歯と歯がぶつかり鈍い音を立てる乱暴なキス。
ライルはそれでも良かった。
久しぶりに感じたニールの温もりに、心が満たされる。
「にいさ…」
「うわぁ?!」
我に返ったニールが思わずライルを突き飛ばす。
派手な音を立ててライルは車椅子ごと倒れた。
車輪がカラカラと回る音だけが、室内を満たす。
「…っ、う…」
ライルは腕に力を込め上半身を起こし、なんとか車椅子を直しよじ登る。
長い時間をかけていたが、ニールは固まったまま動けずにいた。
「はぁっ、は…………」
「ッ…あ、あ、おれっ」
「アンタの携帯に…」
「え…?」
やっと自分が何をしてしまったのか理解したニールが、青ざめながらライルに言葉をかけようとした。
だがそれはライルによって遮られる。
玄関に向かい、進んでいく車椅子。
辺りは夕焼けに染まり、室内はオレンジ色の光で満たされていた。
「登録されてる奴、誰に連絡してもすぐ駆け付けてきてくれるようなイイ奴らだ から。

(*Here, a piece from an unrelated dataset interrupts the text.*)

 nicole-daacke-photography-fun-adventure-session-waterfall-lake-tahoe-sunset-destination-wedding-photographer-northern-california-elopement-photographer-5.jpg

困ったらそいつらに頼って。それじゃあ…」
少しだけ、振り向き、兄の顔を目に焼き付ける。
「さよなら、兄さん」
初めて自らの意思でこの家を出た。
一人きりで進む道はいつもより広く見える。
「…ハハ、そうだよ、最初からおかしかった。歪んでいたから、壊れたんだ。そ ういうことだろ?なぁ…刹那…」
今も宇宙にいるであろう友人に、ライルは独り、話しかけた。
「ライ…ル…」
追おうと思えば追えるのに、ニールの足はそこにくっついてしまったかのように動かない。
苦しくなって胸を掻きむしった。
「ライル、ライルライルライルッ…い、いやだ…ライル、ライル…」
このままでは取り返しのつかないことになる。
わかっているのに、今自分が何をすべきかわかっているのに 身体が動いてくれない。
膝を折り、額を床に打ち付けた。
何度も何度も打ち付け、咽び泣く。
「う、ごけっ…動け、よっ…思い出せよ…!ライルのこと…ライルは、俺の…? …くそッ!!!」
ニールは顔を上げた。
「失いたくない…!!」
「ごめんな、潰しちまうな」
兄とよく来た場所。
奇しくも初めて来た時と季節は同じで、薄紅色のコスモスがライルを迎えてくれ た。
いつもは兄に抱かれ進んだ花の中。
車椅子でその先を目指す。
「兄さん…俺は、幸せだったよ」
潮風が頬を撫でた。
眼下に広がるのは、夕日に染められた真っ赤な海。
穏やかな波が、ライルの心を鎮めていく。
「…幸せだった…。兄さんに愛されて、必要とされて…。自由と引き換えに得た 幸せは、俺にとって大切なものだったんだ」
少しずつ車椅子を進めた。
「兄さんには…刹那達がいる。でも俺には、兄さんしかいなかったんだぜ?」
そっと唇に指を這わせ、微笑んだ。
「もう耐えらんねーよ…兄さん。兄さんの、いない世界は…。弱くてごめんな、 俺は…先に…」
風に乗り崖下に向かうコスモスに誘われるように、ライルは車椅子を進めた。
左の車輪が空に出る。
重力に従い傾く身体。
ライルはそっと瞳を閉じた。
「これで…自由だ」
「ライル!!!!!」
耳をつんざく悲鳴のような呼び声。
ライルは目を見開いた。
ガシャガシャと鈍い音を立てて車椅子が崖下に落ちていく。
ライルはただ呆然と、目の前で揺れるコスモスを見詰めていた。
「…っ、ラ、ライル?!!」
「痛っ…」
勢いよく仰向けにされ、視界を占めるのは兄の顔と真っ赤な空。
「…にい、さ…」
「ばかやろうッッ!!!!」
「っ…な、」
「なんてことしてんだお前は!!!なんで俺のこと置いてこうなんてすんだよ?!!嫌だ!!ライル、ライル!!行くな、行かないで…!!!」
ニールの涙が頬に落ち、ライルは目を細めた。
ニールは崩れるようにライルの上に倒れ、肩口に顔を埋めて言葉にならない叫びを上げながら泣き喚く。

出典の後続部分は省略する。